### Action item
The lines to be copied run from the one containing "Fotoreportaz Doroty Awiorko-Klimek" to the end of the material below; reproduce them exactly, including both ends, and nothing more.

*** Opening The input ***

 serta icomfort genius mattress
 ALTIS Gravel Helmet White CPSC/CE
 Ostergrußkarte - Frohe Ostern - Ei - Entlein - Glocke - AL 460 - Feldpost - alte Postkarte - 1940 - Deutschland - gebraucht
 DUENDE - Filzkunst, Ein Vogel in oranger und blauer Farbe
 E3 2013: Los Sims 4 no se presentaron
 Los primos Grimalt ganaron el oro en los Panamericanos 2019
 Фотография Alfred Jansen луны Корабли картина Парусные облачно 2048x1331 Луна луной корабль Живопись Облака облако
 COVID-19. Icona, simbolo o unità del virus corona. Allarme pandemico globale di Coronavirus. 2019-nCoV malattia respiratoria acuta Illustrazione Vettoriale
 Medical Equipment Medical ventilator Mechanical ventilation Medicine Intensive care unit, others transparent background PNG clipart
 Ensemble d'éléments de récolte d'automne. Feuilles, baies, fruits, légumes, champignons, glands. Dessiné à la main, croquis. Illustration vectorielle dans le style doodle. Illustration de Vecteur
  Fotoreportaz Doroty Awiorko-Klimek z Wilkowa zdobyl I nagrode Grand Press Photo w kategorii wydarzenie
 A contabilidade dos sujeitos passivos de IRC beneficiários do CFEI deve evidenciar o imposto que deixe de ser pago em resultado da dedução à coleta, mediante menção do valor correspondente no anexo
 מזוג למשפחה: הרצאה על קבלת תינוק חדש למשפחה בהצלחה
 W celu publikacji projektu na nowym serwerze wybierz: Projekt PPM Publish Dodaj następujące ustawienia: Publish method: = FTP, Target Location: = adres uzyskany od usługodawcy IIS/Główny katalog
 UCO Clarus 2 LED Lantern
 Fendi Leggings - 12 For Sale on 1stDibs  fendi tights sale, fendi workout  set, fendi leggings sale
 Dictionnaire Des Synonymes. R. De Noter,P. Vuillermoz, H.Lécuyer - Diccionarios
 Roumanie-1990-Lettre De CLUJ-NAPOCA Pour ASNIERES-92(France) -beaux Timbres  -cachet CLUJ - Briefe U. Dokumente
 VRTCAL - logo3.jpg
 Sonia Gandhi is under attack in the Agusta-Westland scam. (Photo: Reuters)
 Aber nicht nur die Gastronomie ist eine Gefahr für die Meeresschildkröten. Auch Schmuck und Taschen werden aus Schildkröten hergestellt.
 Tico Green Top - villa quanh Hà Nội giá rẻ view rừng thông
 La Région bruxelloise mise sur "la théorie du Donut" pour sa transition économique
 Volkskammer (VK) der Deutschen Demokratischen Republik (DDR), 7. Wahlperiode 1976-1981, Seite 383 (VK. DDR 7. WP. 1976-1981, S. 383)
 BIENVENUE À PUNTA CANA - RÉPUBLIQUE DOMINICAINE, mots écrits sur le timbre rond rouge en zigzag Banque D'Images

*** Closing The input ***

### Solution for this exercise
  Fotoreportaz Doroty Awiorko-Klimek z Wilkowa zdobyl I nagrode Grand Press Photo w kategorii wydarzenie
 A contabilidade dos sujeitos passivos de IRC beneficiários do CFEI deve evidenciar o imposto que deixe de ser pago em resultado da dedução à coleta, mediante menção do valor correspondente no anexo
 מזוג למשפחה: הרצאה על קבלת תינוק חדש למשפחה בהצלחה
 W celu publikacji projektu na nowym serwerze wybierz: Projekt PPM Publish Dodaj następujące ustawienia: Publish method: = FTP, Target Location: = adres uzyskany od usługodawcy IIS/Główny katalog
 UCO Clarus 2 LED Lantern
 Fendi Leggings - 12 For Sale on 1stDibs  fendi tights sale, fendi workout  set, fendi leggings sale
 Dictionnaire Des Synonymes. R. De Noter,P. Vuillermoz, H.Lécuyer - Diccionarios
 Roumanie-1990-Lettre De CLUJ-NAPOCA Pour ASNIERES-92(France) -beaux Timbres  -cachet CLUJ - Briefe U. Dokumente
 VRTCAL - logo3.jpg
 Sonia Gandhi is under attack in the Agusta-Westland scam. (Photo: Reuters)
 Aber nicht nur die Gastronomie ist eine Gefahr für die Meeresschildkröten. Auch Schmuck und Taschen werden aus Schildkröten hergestellt.
 Tico Green Top - villa quanh Hà Nội giá rẻ view rừng thông
 La Région bruxelloise mise sur "la théorie du Donut" pour sa transition économique
 Volkskammer (VK) der Deutschen Demokratischen Republik (DDR), 7. Wahlperiode 1976-1981, Seite 383 (VK. DDR 7. WP. 1976-1981, S. 383)
 BIENVENUE À PUNTA CANA - RÉPUBLIQUE DOMINICAINE, mots écrits sur le timbre rond rouge en zigzag Banque D'Images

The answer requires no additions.